What is this advice based on? While dealing with prostate cancer screening I've become aware that quite a bit of medical advice is based on the actuarial tables, statistics and insurance coverage rather than tailoring the care to actual individual needs of the patient.

This means that people who fit the statistical "norm" get satisfactory treatment and the rest of us get screwed. For instance, guidelines for prostate cancer screening are based on whether the patient is likely to live an additional 10 to 15 years or not. Per actuarial tables I am supposed to die by age 86. Most of my family is not in the norm as they live into their 90s and I expect to do the same.

This is why we have gents on opioids to survive the pain of cancer that has metastasized to their bones. The were not of the age to be screened.


----------



## Julie's Husband (Jan 3, 2022)

Divinely Favored said:


> That is what PSA blood test is for yearly.


PSA blood test is not an accurate flag. Usually the worry point for men my age is a PSA of 4. I had prostate cancer by PSA 2.7 but my dork PCP didn't do anything more than PSA so the cancer wasn't diagnosed until I had PSA 3.1.

In reality, we should be having imaging of our prostates same as women having mammograms.


----------



## Julie's Husband (Jan 3, 2022)

CrapMan said:


> When you make it to 70, they don't do any of it anyway. They figure by then it is a slow growing cancer anyway, LoL!


Part of the pathetic CDC guidelines as well. I was diagnosed with Stage t2b prostate cancer at age 73. ****head PCP would have let me end up with advanced cancer as he followed CDC guidelines. I had a urinary problem, went straight to an urologist and was diagnosed with the cancer.


----------



## Divinely Favored (Apr 1, 2014)

Julie's Husband said:


> What is this advice based on?


It was what the Chief Oncologist at the Women's Cancer Center at Baylor Medical in Dallas told my wife after her complete hysterectomy.


----------



## Prodigal (Feb 5, 2011)

Divinely Favored said:


> I'm sorry ladies for the medical crap y'all get out through especially when you are on BC and have to get yearly paps.


It's not a big deal when you compare it to expelling an entire human being from down there!


----------



## Julie's Husband (Jan 3, 2022)

Divinely Favored said:


> It was what the Chief Oncologist at the Women's Cancer Center at Baylor Medical in Dallas told my wife after her complete hysterectomy.

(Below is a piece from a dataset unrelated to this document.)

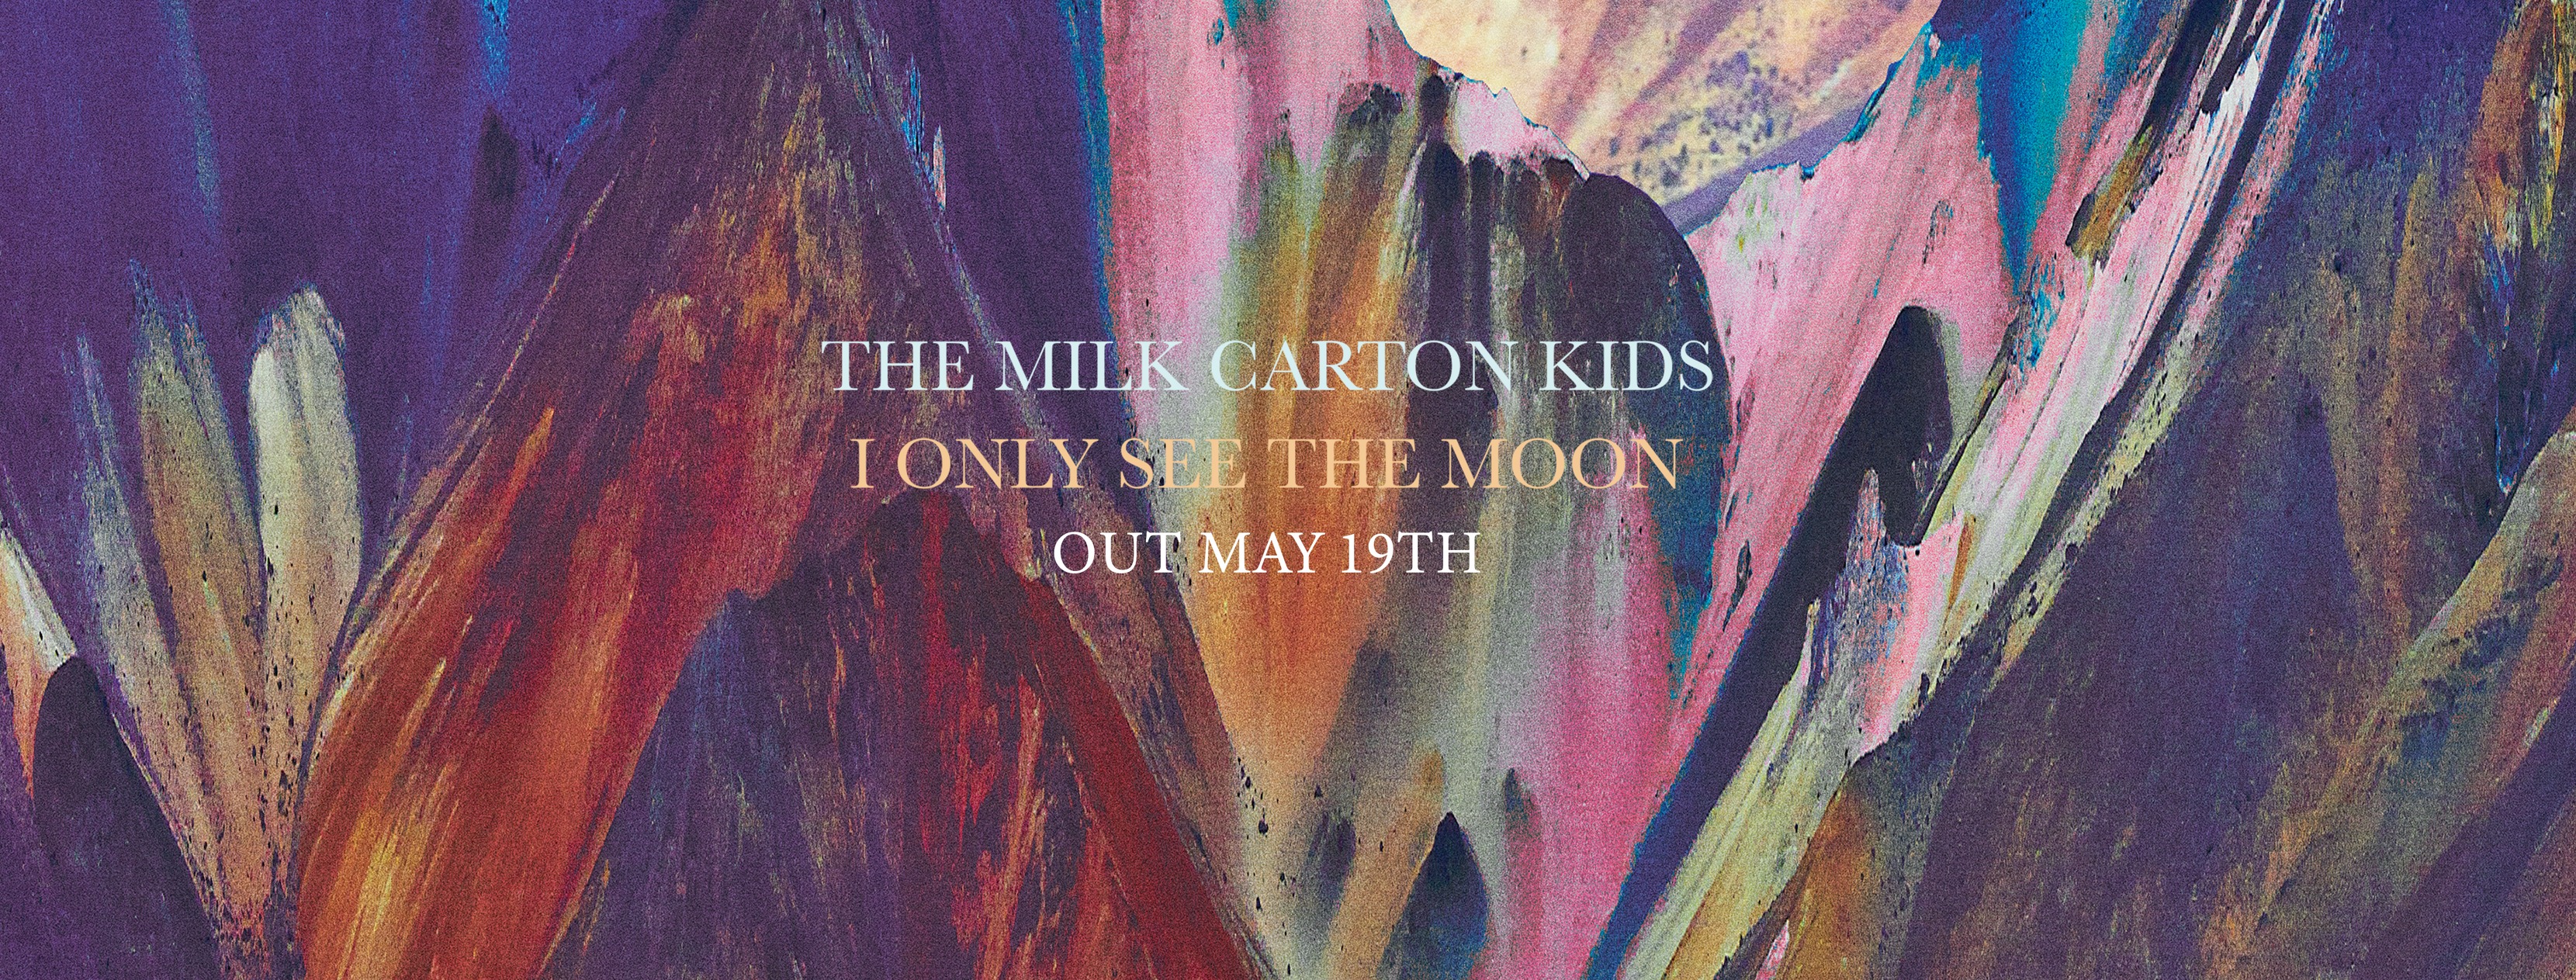 The Milk Carton Kids debut new track "Star Shine;" new record "I Only See The Moon" out May 19

I don't know what the situation is with your wife, but in general I'm not impressed with rank. They all follow the same rules. I did a full presentation for the head of urology here about the need to recognize that castrate men can have sex and need it to prevent penile atrophy.

Crickets.

I don't think they even bothered researching, just continue to go by outdated notions.


----------



## Divinely Favored (Apr 1, 2014)

Julie's Husband said:


> I don't know what the situation is with your wife, but in general I'm not impressed with rank. They all follow the same rules. I did a full presentation for the head of urology here about the need to recognize that castrate men can have sex and need it to prevent penile atrophy.
> 
> Crickets.
> 
> I don't think they even bothered researching, just continue to go by outdated notions.


Nothing, she had complete hysterectomy years ago, and the Dr was saying that unless she has an issue that a pap was no longer needed. That women have many things imposed upon them that are not required as often as the medical establishment says they should.


----------



## Divinely Favored (Apr 1, 2014)

Prodigal said:


> It's not a big deal when you compare it to expelling an entire human being from down there!

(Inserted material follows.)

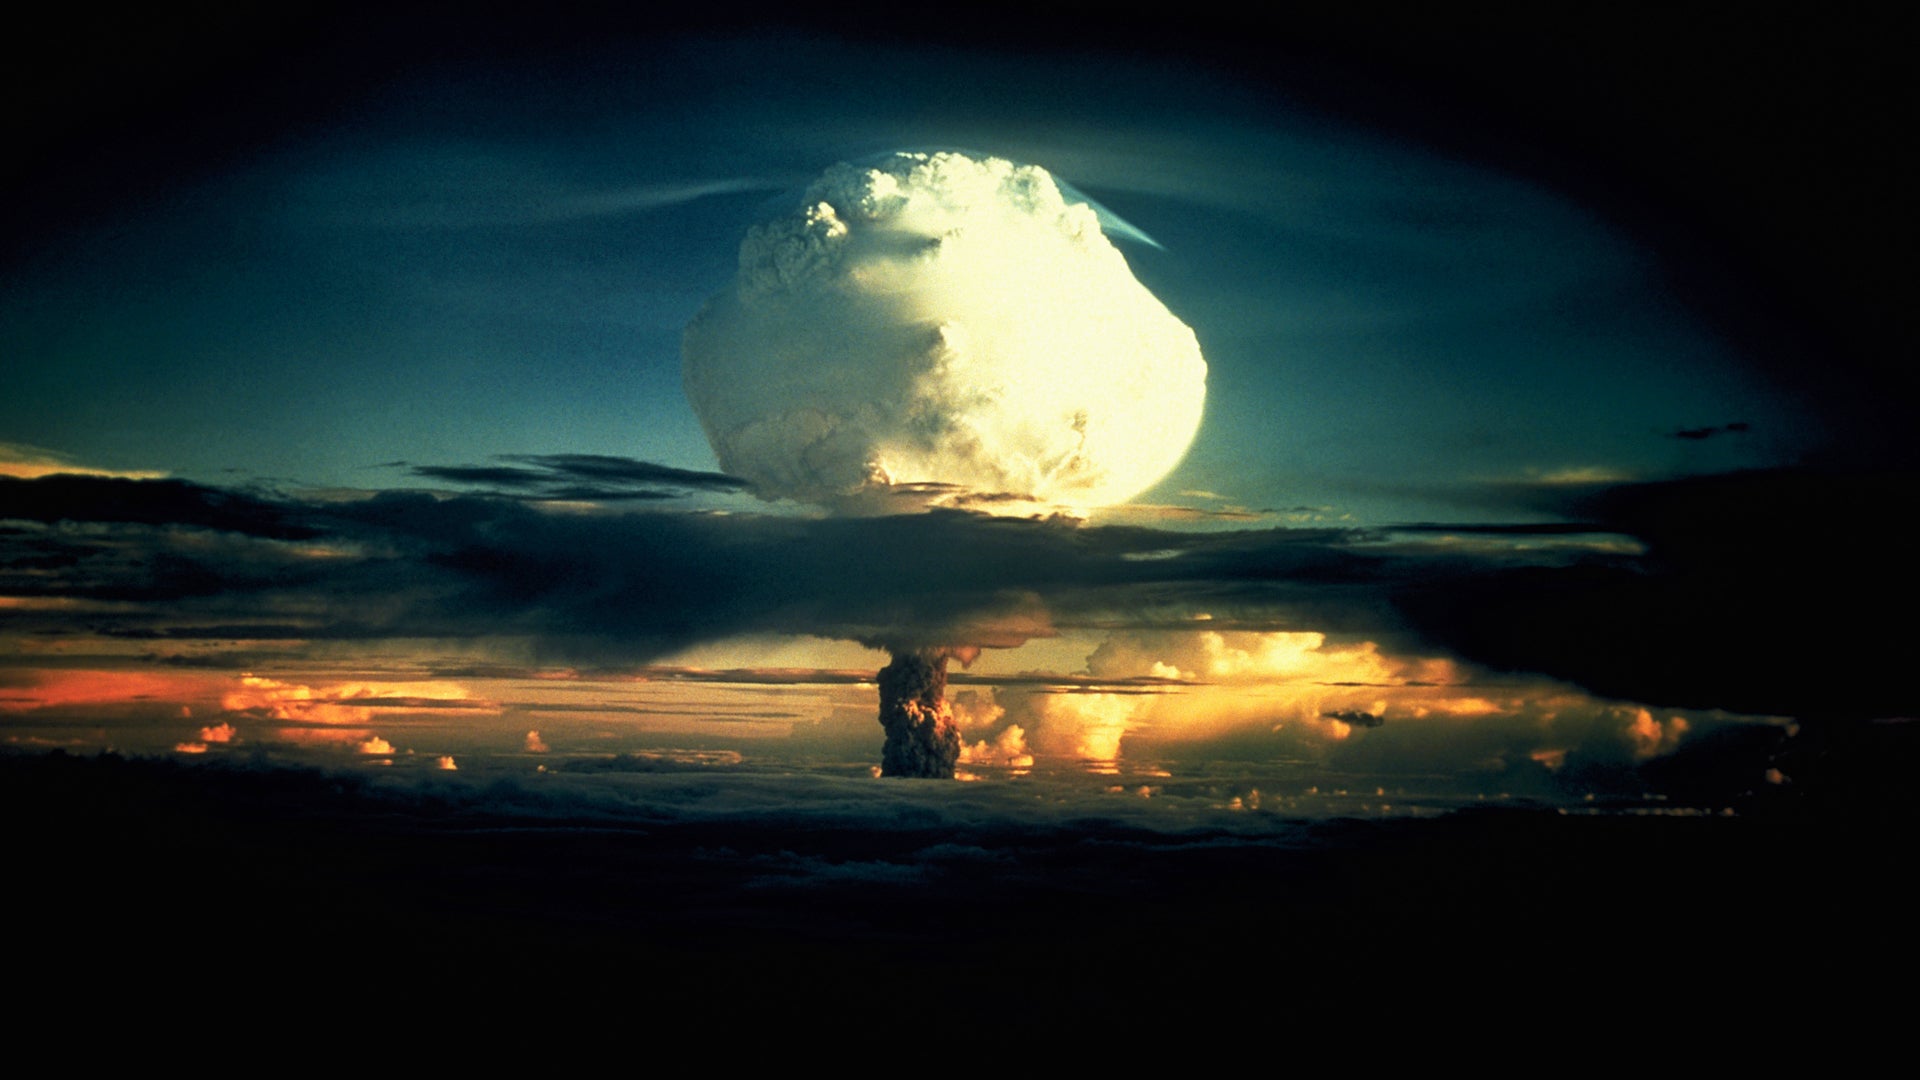 Operation Ivy Hydrogen Bomb Test in Marshall Islands A billowing white mushroom cloud, mottled with orange, pushes through a layer of clouds during Operation Ivy, the first test of a hydrogen bomb, at Enewetak Atoll in the Marshall Islands. (Photo by © CORBIS/Corbis via Getty Images)

Well I crap turds bigger than the Drs. finger, but I don't want him sticking it up my ass on a regular basis. And the women who have been assaulted before, having to go be put in a vulnerable position and feeling violated regularly.


----------



## Rooster Cogburn (9 mo ago)

The Ying to The Yang. (See 'pegging' thread).


----------



## Prodigal (Feb 5, 2011)

Divinely Favored said:


> And the women who have been assaulted before, having to go be put in a vulnerable position and feeling violated regularly.


Having a routine gynecological exam is not comparable to assault.


----------



## Divinely Favored (Apr 1, 2014)

Prodigal said:


> Having a routine gynecological exam is not comparable to assault.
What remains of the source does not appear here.